Ailsa Craig, or Paddy’s Milestone, is a spectacular volcanic plug situated in the Firth of Clyde, roughly half-way between Belfast and Glasgow, hence its Irish name, and the Gaelic is translated as Fairy Rock.
It tempted me many years ago in my kayak, before I was wealthy enough to own a ‘big boat’. In 2005 I set off from Girvan in a racing kayak, on a personal and unrecorded challenge, to paddle the 8.3 miles to the island, climb to the top, 1,000ft up, and then return. The trip took me four hours one morning, in glorious sunshine and calm seas – a pocket adventure. The only error I made was not looking back on the way there to pick landmarks. So, when I set off on my return to Girvan, I hadn’t a clue where I was going, as the coastline was so unremarkable and uniform. No compass, of course. Silly boy.
Time to go back
By 2020, a return journey was long overdue, but this time the choice of transport was Tiptoe, my 76CA Finnmaster motorboat, a much softer option for a much older man.

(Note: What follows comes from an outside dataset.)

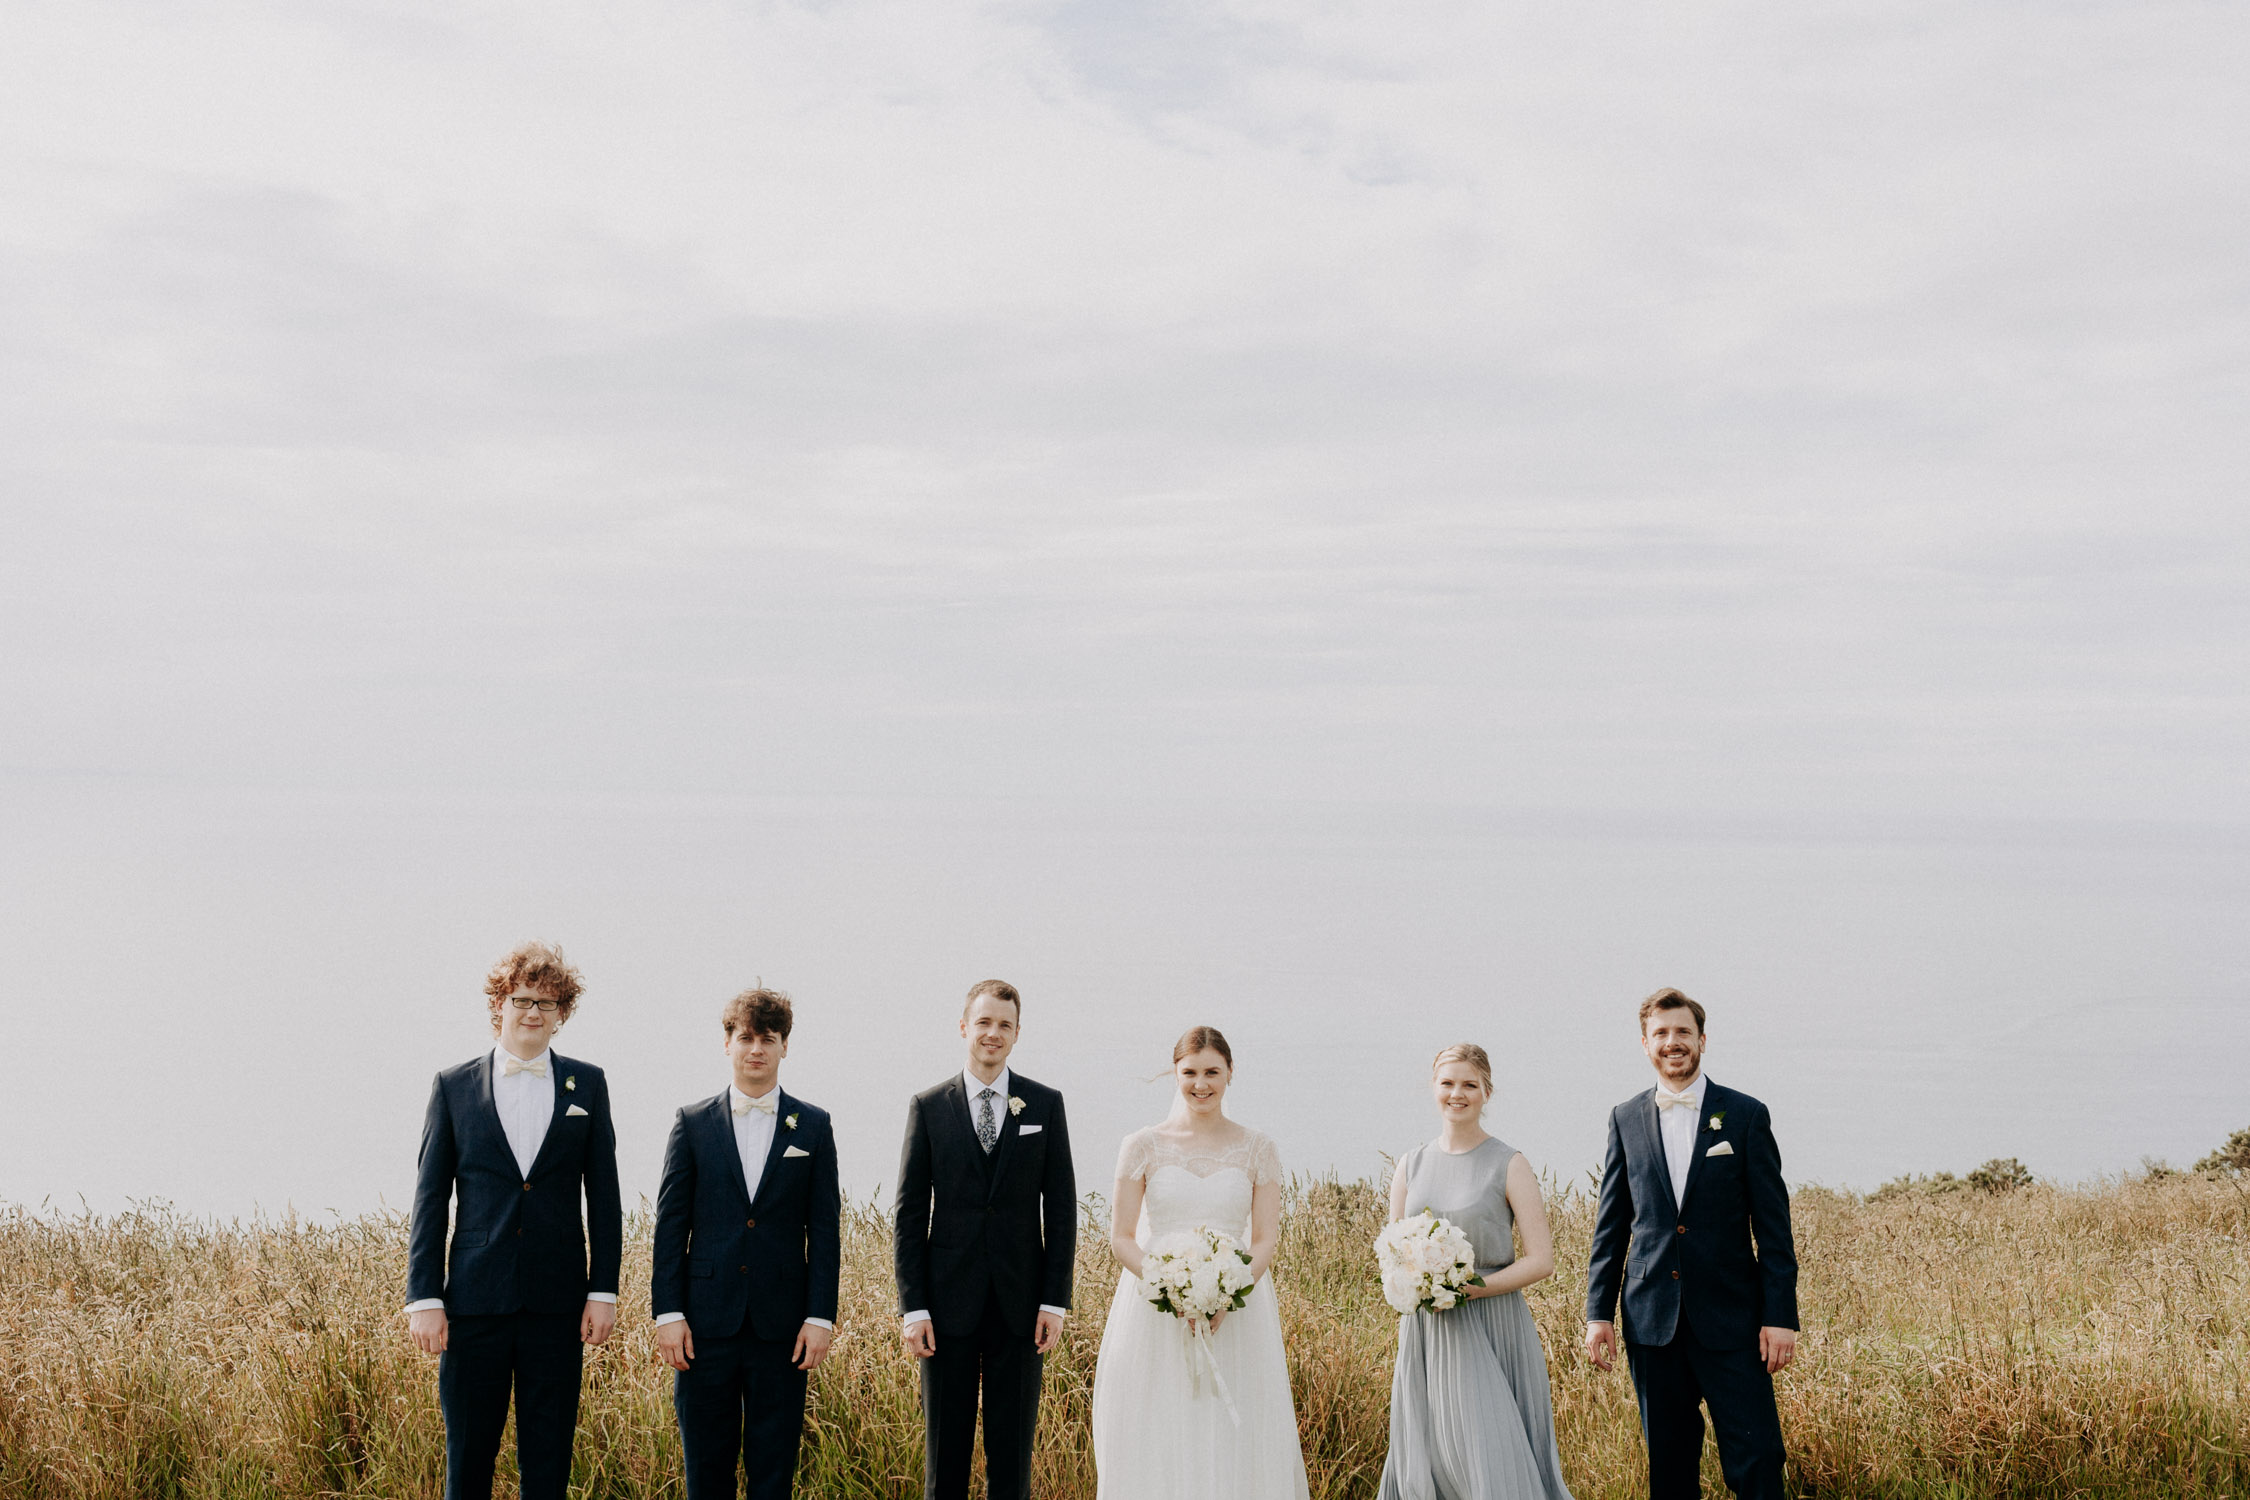 Boomrock bridal party photos

My daughter and I set off at 2pm in bright sunshine from Largs, to motor to Girvan on Saturday 28 September with a following Force 3/4 wind, at an economic 6.5 knots (4 litres per hour) and with sun all the way – a beautiful, gentle cruise, alone, out in the open ocean, with nothing but the ubiquitous gulls and guillemots, and occasional sparkling white gannet for company.
We arrived at Girvan marina just before 6pm as the sun was setting behind Ailsa Craig. I organised fish and chips, while Emily walked out to the harbour mouth to take pictures of the setting sun.
We’d phoned Tom, the harbourmaster, before we left, and he was most helpful. He told us there was plenty of space at the marina, which had been dredged recently, and had at least a metre at LAT (the tidal range varies between 2m and 3m).
“Just walk off the pontoon, through the magnetic gate, and pay your dues using the parking meter,” he added. “It will print your ticket with codes for the marina gate and the facilities – it’s all automated.”
Indeed, the facilities were superb, and we met Anne, one of four who keep them in such pristine condition. The hot shower the next morning was most welcome, and all just a few metres from the pontoons.
Overnighting in Girvan
Girvan might appear a rather tired little town, like many on the Clyde coast which have lost their allure over the past 60 years, as air travel to sunnier climes has tempted many to jet abroad. But it has to be said, much has been done recently to make it attractive to visitors, with play parks, a broad esplanade, a clean, broad beach, the splendid little marina, and a smart new community facility by the harbour called The Quay Zone.